L.C. – Turning now to Hélio Oiticica’s and Lygia Clark’s relationship with more recent art, how influential are they? The potential of these works vis-a-vis new horizons of creation seems to me immense, don’t you think?
G.B. – The potential of these works is an interesting point. I think you have two trends in relation to them. One has to do with interest in institutionalizing them, academicizing them, and the other sets about exploring the motivations and possibilities of the works. I think Mondrian can be analyzed the same way. You can either take him back to the romantic tradition, to nineteenth century painting, or you can take him forward, a bit like Hélio wanted to do, interested in the dissemination of his artistic view. In a way, this points to the relationship between art and life, something that so interested Lygia, too. And this relationship is certainly central to contemporary art, and can be addressed in different ways through very different strategies. For example, staying within Brazilian art, we could take the work of Waltércio Caldas, who has always interested me, especially because he seems to me to be developing an opposite poetic, refractory to physical, bodily interaction. But that’s just on the surface; there’s ambiguity there. His work poses a perennial question about the relationship between seeing and living. They are different strategies, but they point to similar questions.

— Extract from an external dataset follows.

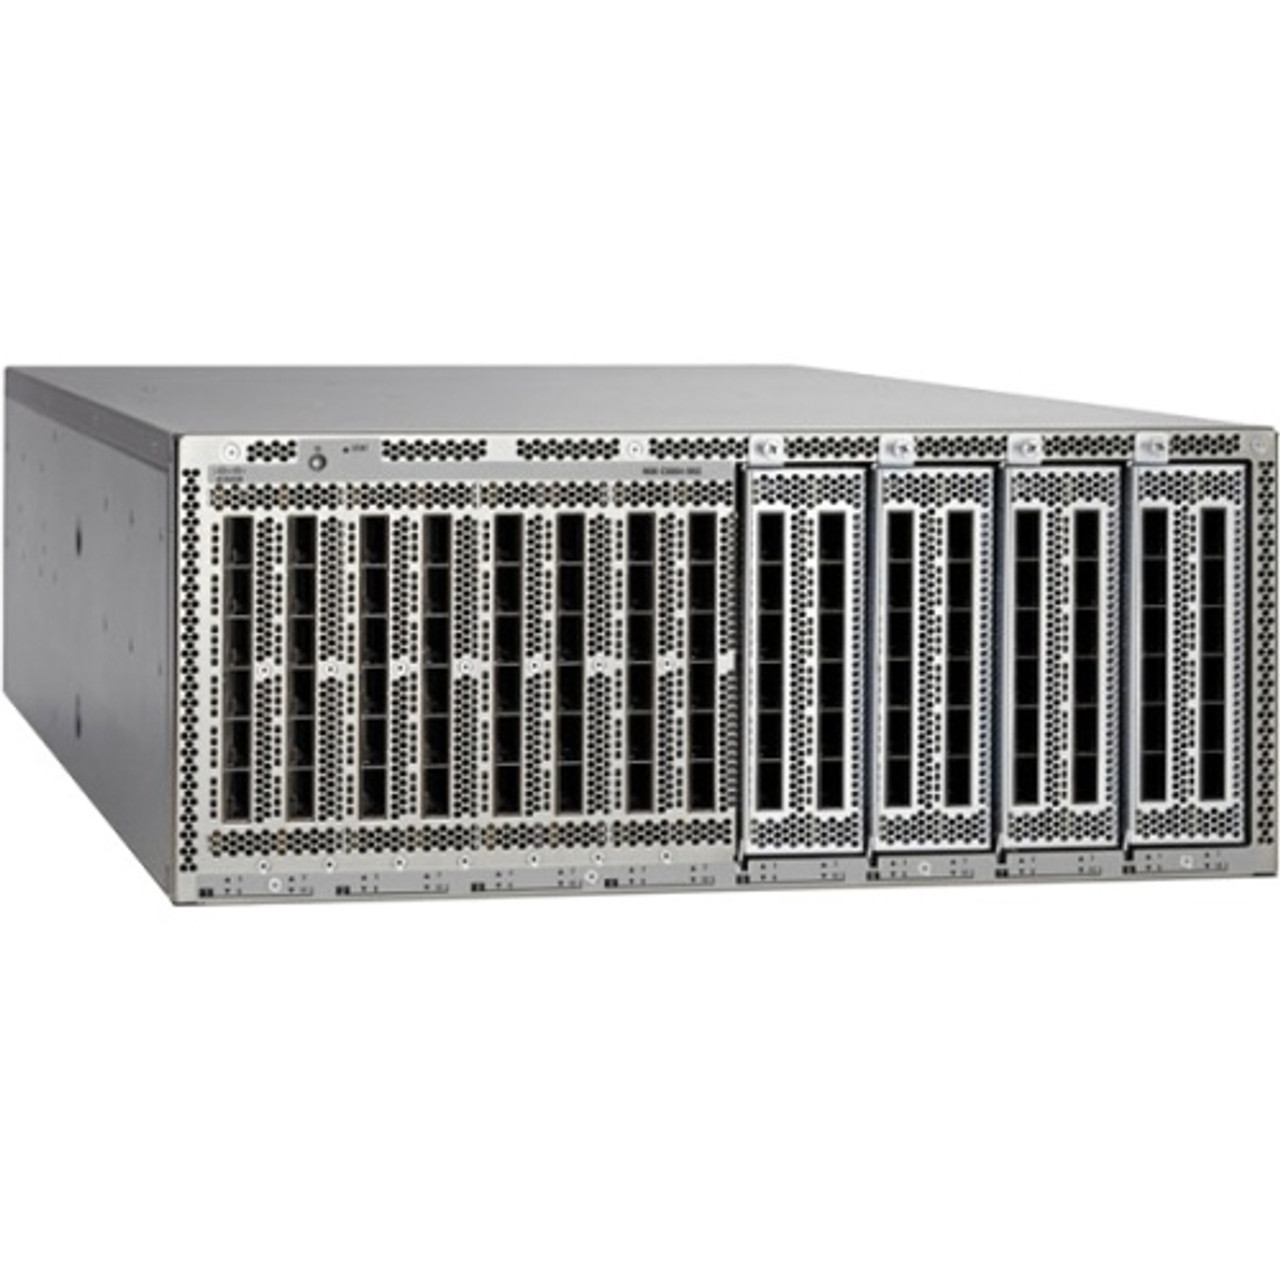 C1-N6004EF-4FEX-1G Cisco N6004 Chassis with 4 x 10G FEXes with FETs 3 Layer Supported (Refurbished)
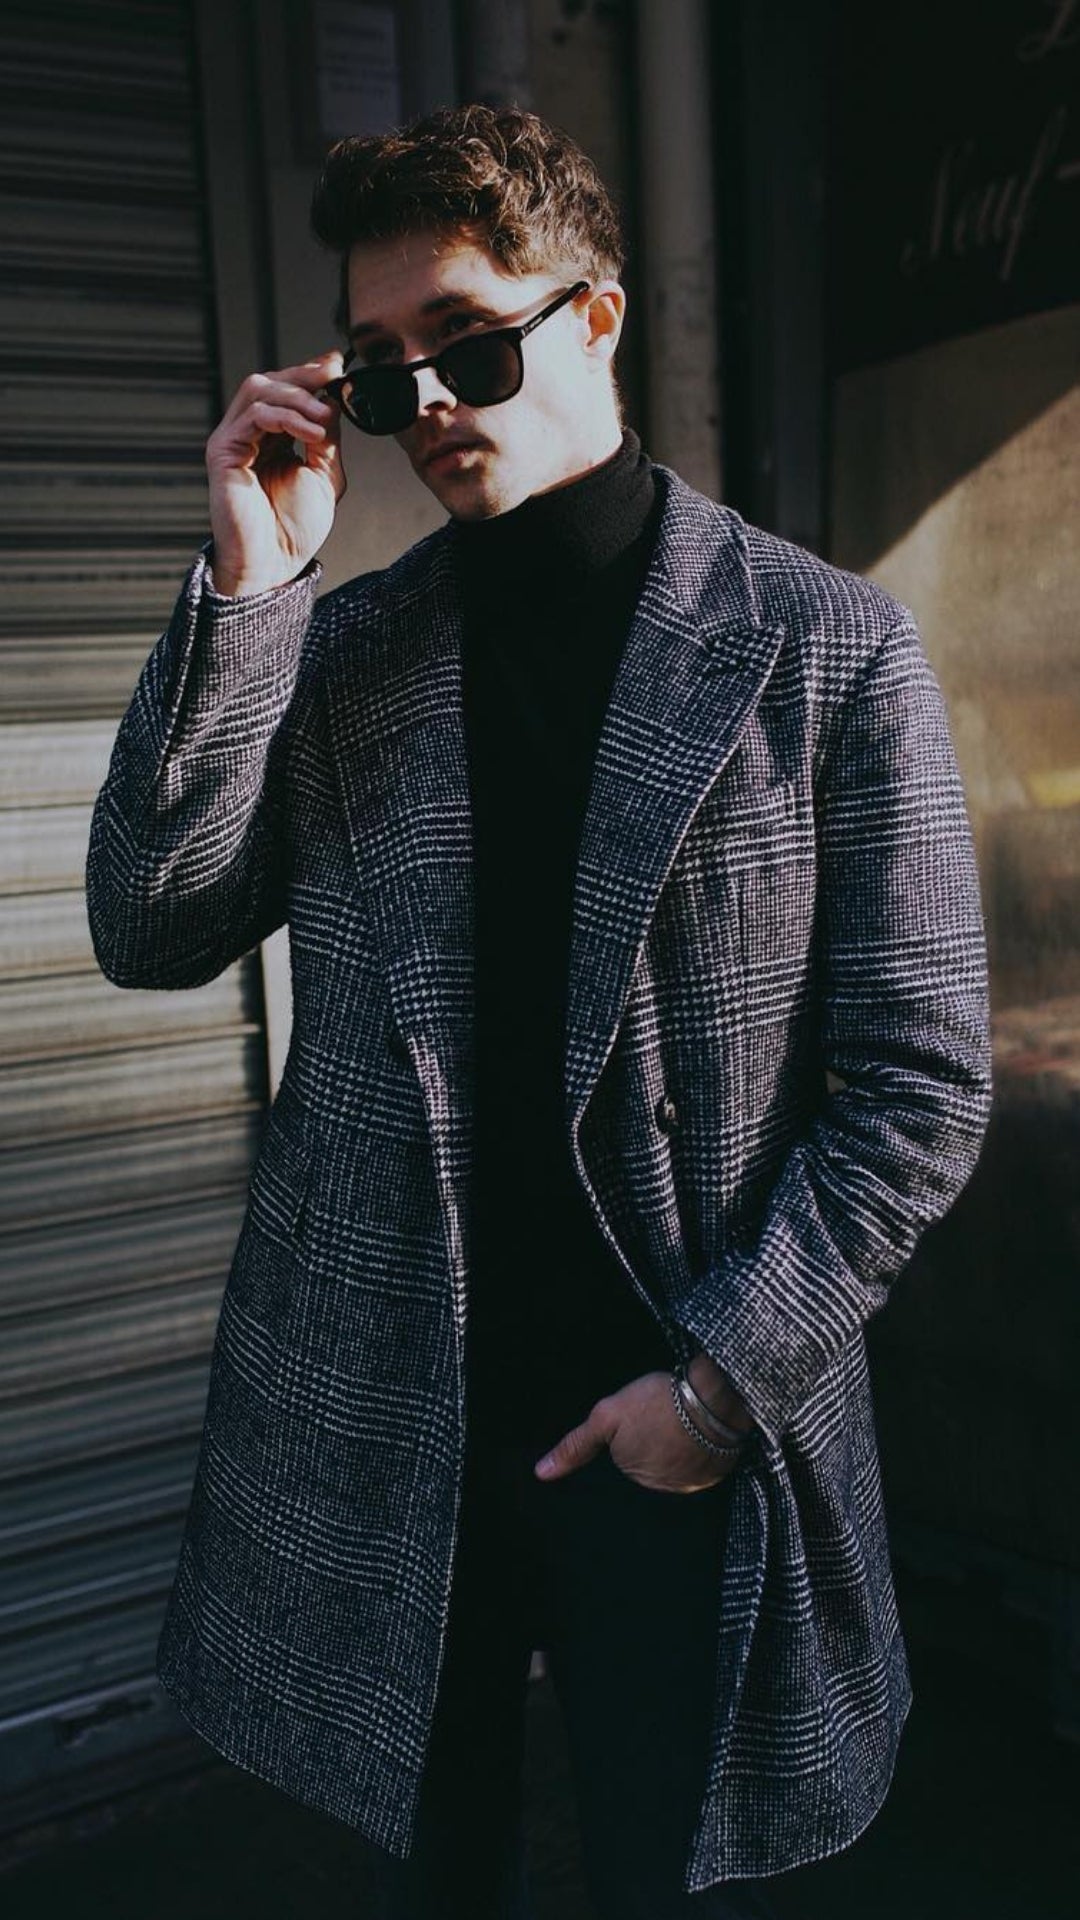 5 Amazing Outfits To Elevate Your Winter Style Game #winterstyle #mensfashion #streetstyle

L.C. – To finish, could you talk a bit about contemporary English art?
G.B. – Sociologically speaking, London has become a city that’s more and more complex, more and more cosmopolitan. It’s a very old city and it’s always renewing itself through clashes and blends of different cultures and manifold historical memories. Many things coexist at the same time. And this heterogeneous reality is given very little institutional space; museums like the Tate still have a restricted view of what English art is, and don’t realize the wealth and mobility of this new state of affairs. And this inadequacy of big institutions isn’t just restricted to social aspects; if we walk around the Tate and look at the works from the sixties and seventies, we won’t have access to a good deal of what was done, because there have been lots of fleeting works whose memory and making haven’t received museological treatment. Not that they haven’t been recorded, and not that recording them is pointless. But there’s a failure to attend to the transformations in art and what they demand from a museum.
(1)* – The interview was conducted in English, but the original transcript has been lost, so the words of Guy Brett presented here are a translation back into English of the Portuguese translation of the interview published in Brazil.
(2)* – Guy Brett writes about this, for example, in the text ativando o vazio (activating the void) from the catalogue “No vazio do mundo – Mira Schendel” [In the Void of the World – Mira Schendel], organized by Sonia Salzstein, SESI Art Gallery, São Paulo, 1996, p. 49-61.